Base on spec, [bar] is interpreted to link then convert to literal text because it is inside image text. Is it good behaviour?

I think image text can not embed link is good option. So it render as:

<p>![foo <a href="/url">bar</a>](/url2)</p>

As I say in this note,

Links inside image descriptions (and even inline images) might make sense if
the description is used as an image caption (as it is for links in
paragraphs by themselves, in some Markdown extensions). When the
description is used as the image’s alt text, a plain-text version of
the embedded link or image can be substituted.

I couldn’t think of any use for links within links, hence the asymmetry.
However, see

@jgm, i’m not expert in markdown spirit, but described case looks like design error or missuse.

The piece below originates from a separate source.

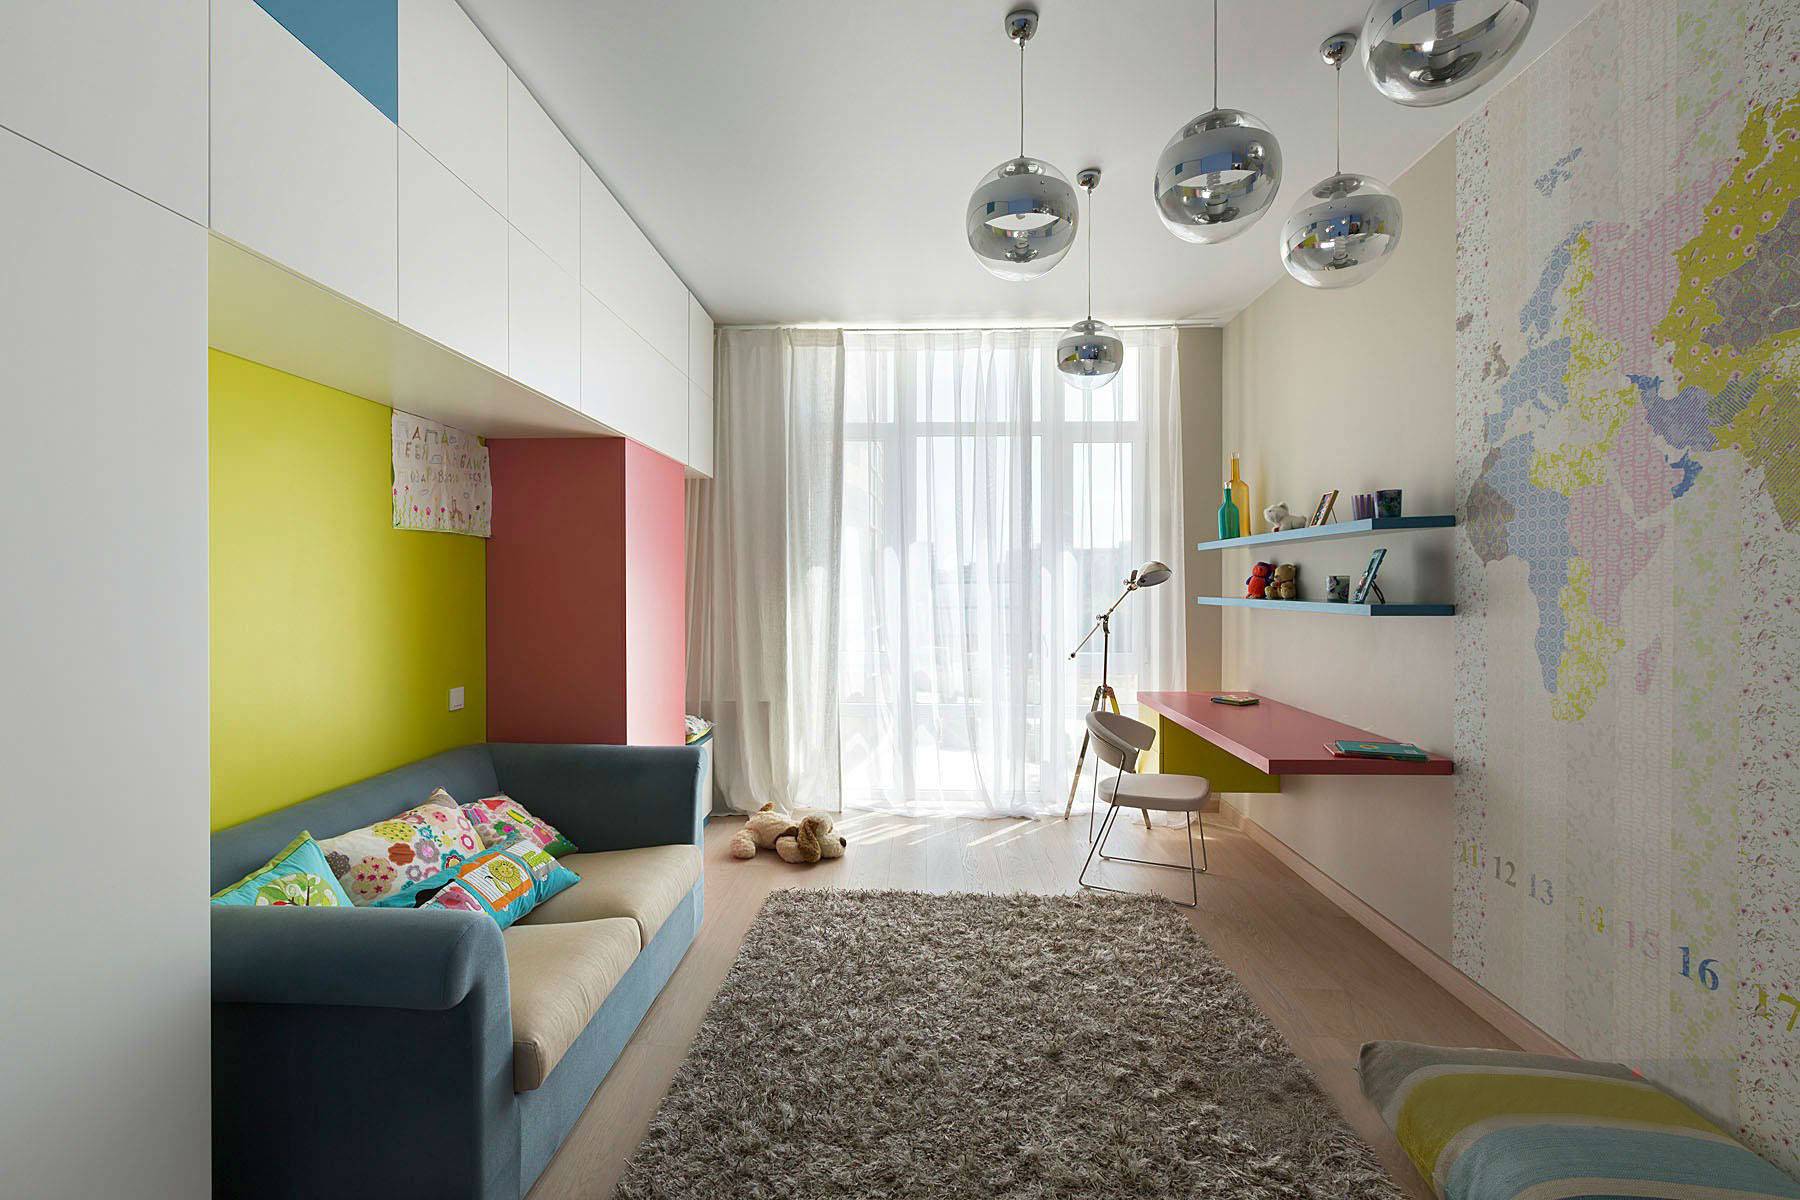 100 лучших идей: дизайн комнаты в хрущевке, стильный интерьер на фото
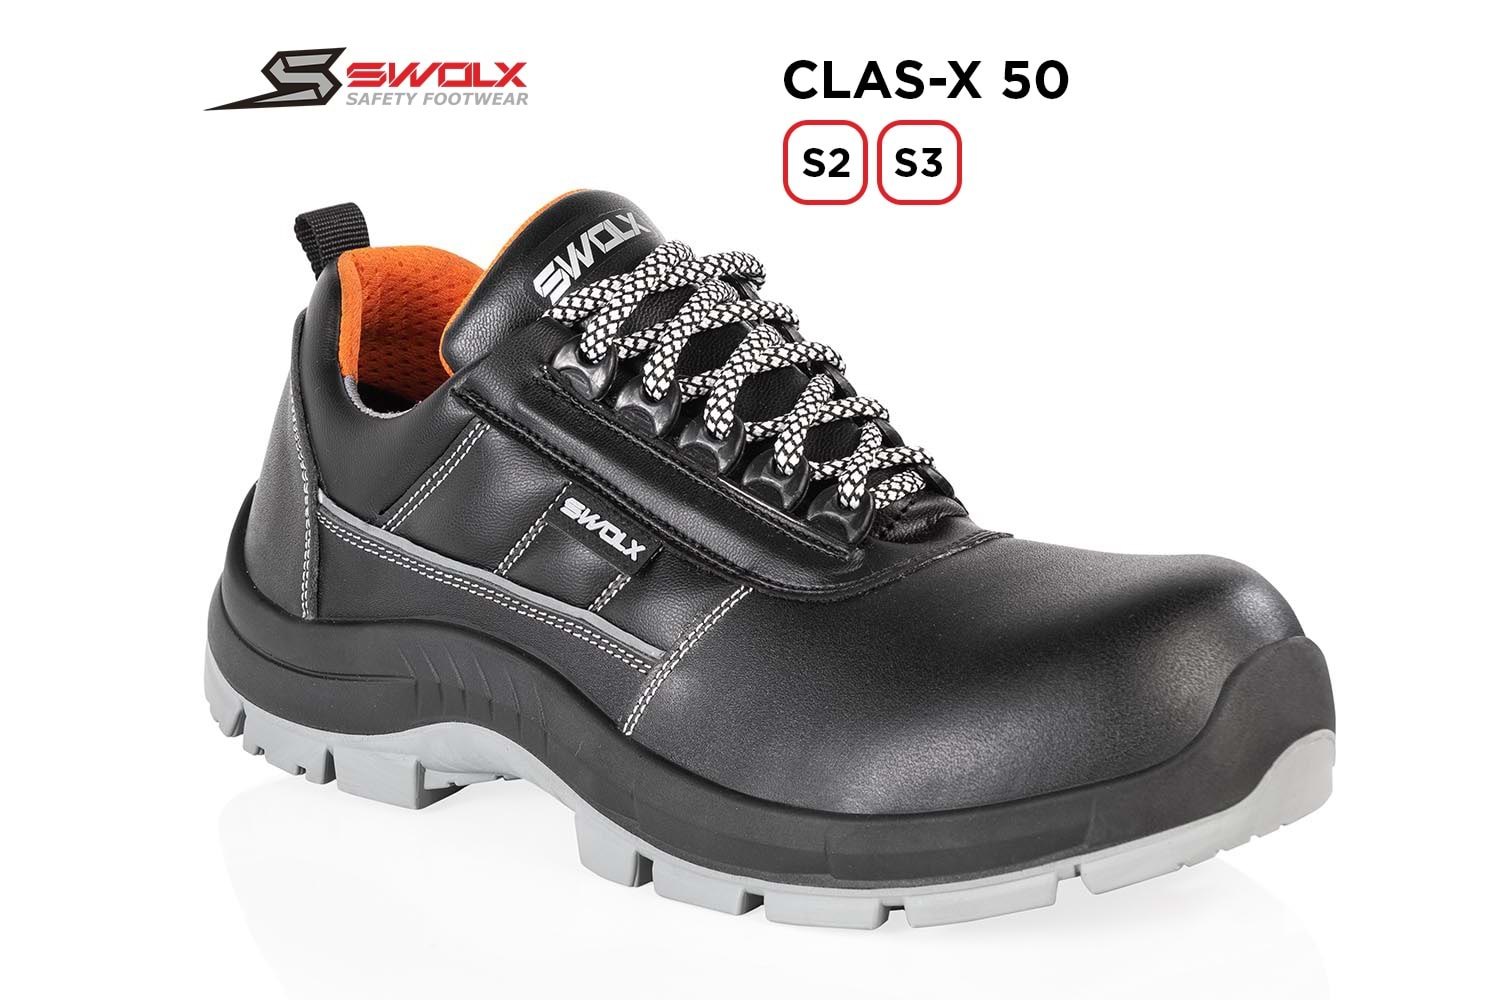 Swolx İş Ayakkabısı - Clas-X 50 S2 - 38

If [] reserved for alt, it can’t have anything but text alternative to image. Description should be in title. Prior to discuss possible content markup, we need to clarify what is each markup component for.

Original Markdown was designed as an easy way to write HTML. Our vision is a bit broader: CommonMark is a way of writing structured documents that can be rendered into a variety of different formats.

The spec calls the part in brackets in an image the “image description,” not the alt text, which is an HTML-specific notion. Nothing about the notion of an image description limits to to plain text. And in fact, the syntax of Markdown generally allows formatting within the square brackets in links and images. We need to parse that formatting, at least to a degree, in parsing links and images. So, why not retain it in the AST, even if it is not going to be used in every renderer?

To give one example of where this extra information might be useful: pandoc and some other implementations have an extension that renders an image in a paragraph by itself as a figure. The image description is then used as the caption. Obviously, we want a caption to be able to contain formatting and links.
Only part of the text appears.